Thank you for advance

hello!
can someone reply me?
thanks

Typically, the evaluation of GRP pipe does not follow the standard B31 collapse and fatigue approach. Basically, you calculate the total stress at various states of the piping system and compare that total stress to a limit. For example, load cases 8 to 21 would be used for stress evaluation and load cases 47 to 56 would not be required.
I would suggest you first assure safe operation for installation and basic operation before you throw on all those occasional loads.

thank you Dave,
But if we use BS7159 for stress calculation, and according to section five the allowable stress SH is depending on pipe diameter.
I have GRP pipe with thoses characteristic:
- laminate type three:Ed=0.0018
axial elastic modulus long term:10000MPa
hoop elastic modulus long term:20000MPa
Sh=Ed.ELAM
ELAM=XLAM/td
according to paragraph 4.3 and section five i have the following value for all diameters:
DN Ref laminate td XLAM ELAM Sh(MPa)
80 L30 4.5 33000 7333 13.2
100 L40 5.2 42000 8077 14.54
150 L50 5.9 50000 8474 15.25
200 L60 6.7 58800 8776 15.79
250 L80 8.7 80000 9195 16.55
300 L100 10.6 100000 9434 16.98
350 L120 12.5 120000 9600 17.28
400 L120 12.5 120000 9600 17.28
There are very low vakue to be used
or in B31.3 Sh=0.5UDB=40MPa
If I run this model weith B31.3 it pass
but if I run it with BS7159 it can't pass
there a big difference in Sh value for B31.3 and BS7159
there no logical result!
normally there are a small difference between all code not over than 10%
can this modelization is correct?

Section 5 is Design for pressure containment. I am not sure you want to use that table for flexibility analysis. Flex analysis is Section 7 and there you have your stress calculations.
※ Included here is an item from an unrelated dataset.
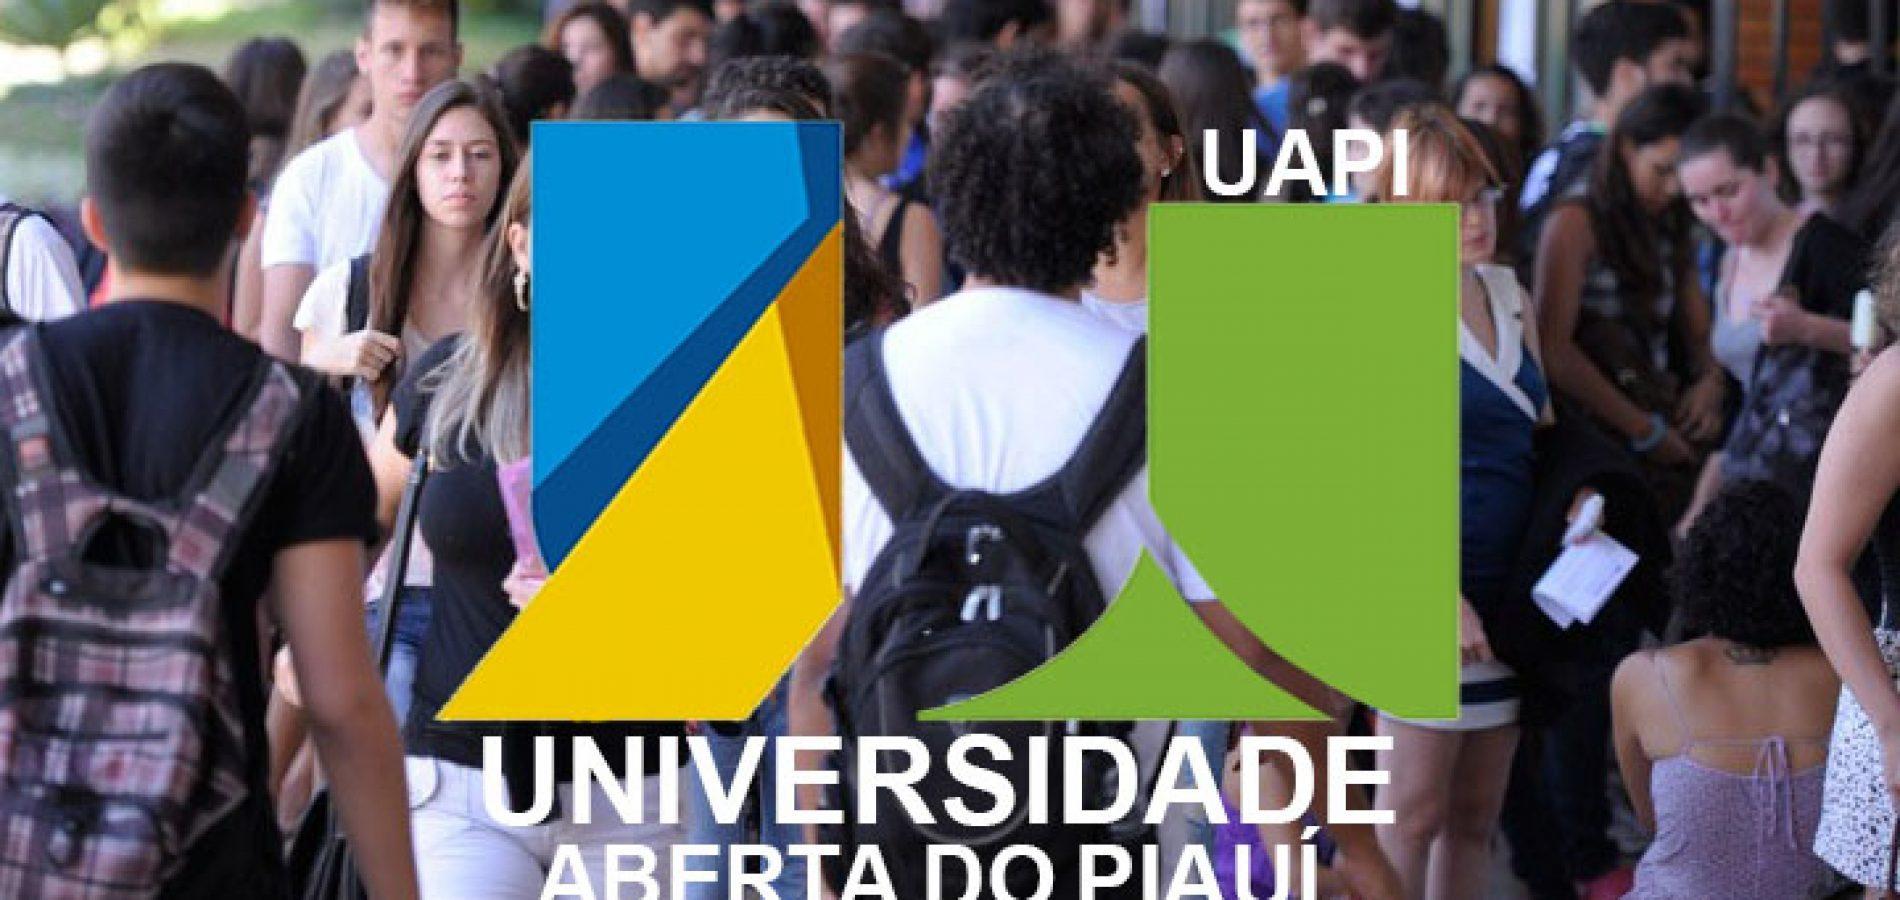 Inscrições para vestibular da UAPI encerram na sexta-feira (8)

In Section 7 it says that the maximum combined stress should not exceed the design stress for the laminate at any location. Although the wording is not consistent, Section 4 defines design stress as the design strain times the appropriate E. From your data, I would guess the design stress in hoop is 36MPa and 18MPa axial.

I thank you Dave
But in section 4 the Sh is calculated by:
Sh=Ed.ELAM
ELAM=XLAM/td
and Xlam is depending on diameters
you consider ELAM the manufacturer value of elasticity module! witch paragraph can approve this consideration?

I have no answer for you at the moment.
Maybe the pipe manufacturer can help here?